Digitalization Digitalization is changing the world. Cyber-revolution is bringing about a different level of change one that is characterized by a huge discontinuity. It is not mere social or cultural references that divide the natives from their pre-digital counterparts, but major phenomenological understanding. There is a lot of debate concerning the way technology is transforming the relationship of the younger generation to the traditional cultural forms and it gets heated when it comes to the question of the future of journalism.

The internet has freed the world from the stifling grip of the conservative, top-down mass media model, changing consumers into producers and placing citizens on the same level with the powerful (Taylora). Young people are encouraged to lend credence to both views, in the first case they are portrayed as agile and empowered connoisseurs who, objecting to passively consume news products extended to them from high, persist on contributing to the conversation and secondly they are illustrated as pliant as well as ill-informed mistaking what occurs to the interest them for what is really significant (Hawsu).

The pro-democracy demonstration that happened in Egypt in 2011 shows the power of the digital revolution since social media was used to mobilize the protestors. The emerging media landscape reflects what digital natives want. The digital world has opened new avenues for entrepreneurs.

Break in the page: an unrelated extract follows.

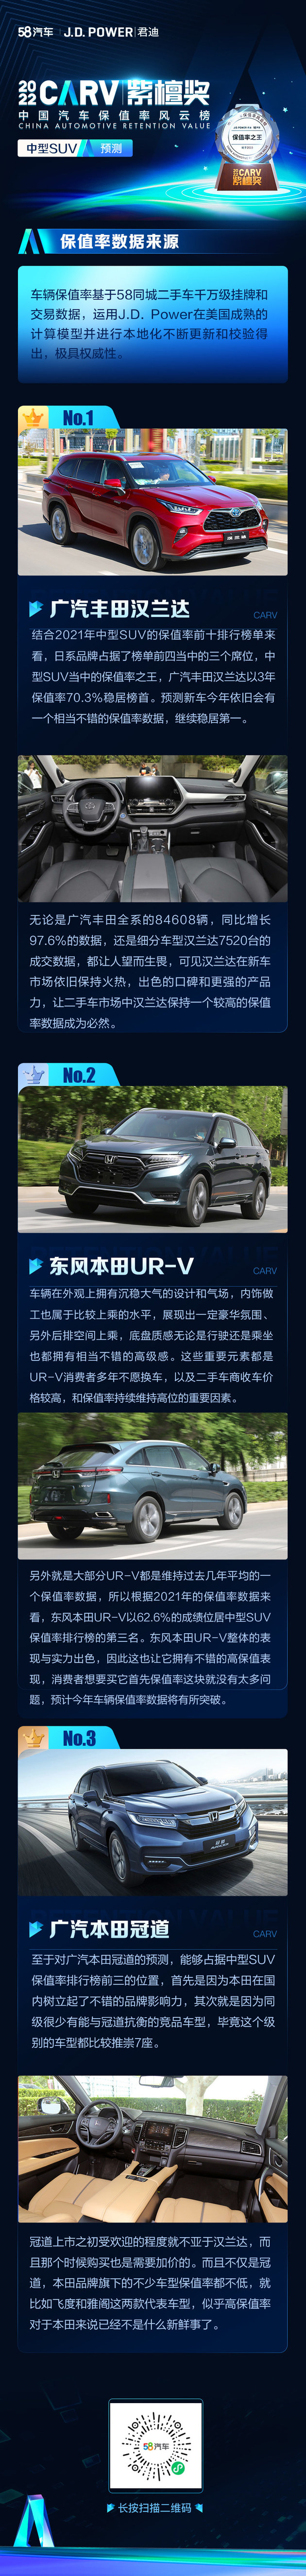 2022保值率风云榜中型SUV预测 东风本田UR-V前三稳了

New spread faster than before and people access information without necessarily relying on mainstream media. Digital technology disrupts the modes of knowing and the institutions that previously supported them providing information flow to which any individual can contribute hence empowering people who were passive readers and opening a new era of information gathering (Taylora).

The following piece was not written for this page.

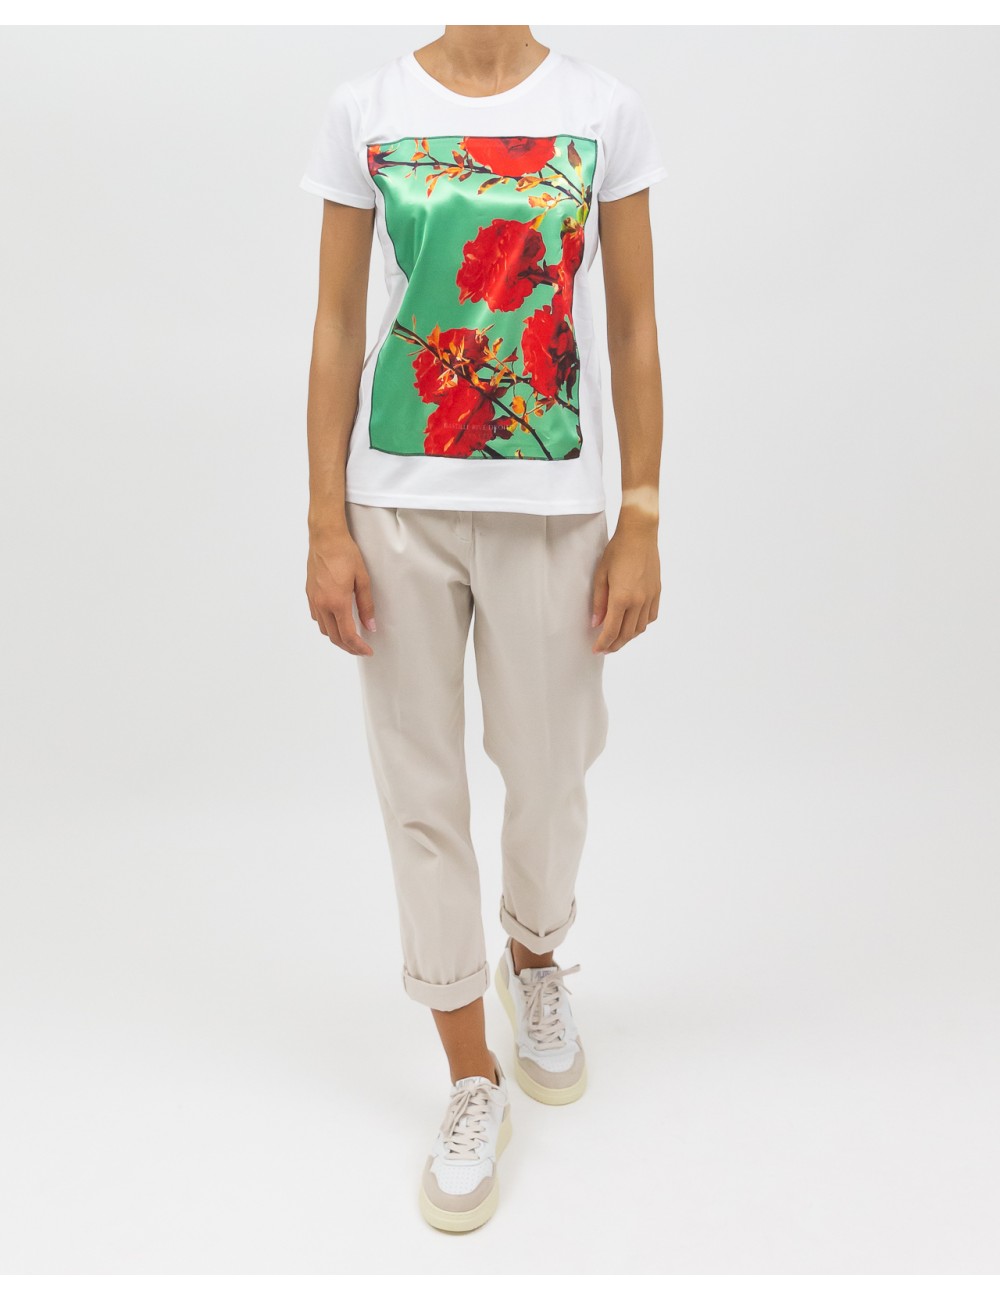 Bastille - Women's ROSES WHITE "Roses" Print T-Shirt

New-media thinkers are prompt to demonstrate the shortcomings within traditional news-gathering organizations and they have numerous sources to draw on. The blunders committed by the mainstream media only prove the need for a robust and vibrant watchdog press. The powers are hardly fretting at the prospect of the fall of accountability journalism. The corporate titans and political leaders would prefer to conduct their work away from the inquiring eyes. The solution to the failure of journalism is more and better journalism.

The seed of decline of accountability media were sowed many years ago. When the internet came about, newspapers responded with cost-cutting techniques aimed at driving up profits such as firing writers, editors, fast-checkers, photographers and removing other expenses regarding news-gathering. Immediately when content started being freely circulated online, the sales print started to decline and advertising rates dropped into a free fall (Bhagwati, 2005). Publications started to experience the paradox of shrinking profits while the audiences grew tremendously.

In the year 2012 digital readership grew while print advertising revenue losses were bigger than digital gains by a ratio of 10:1. The Guardian and its sister publication the Observer in the UK lost about $50 million in revenue while their online audience on the other hand exploded. Web-based advertising can never make up for the losses for the case of most publications (Hawsu). Whereas digital ad market is doing very well, digital ad sales for newspapers have flat-lined since 2006.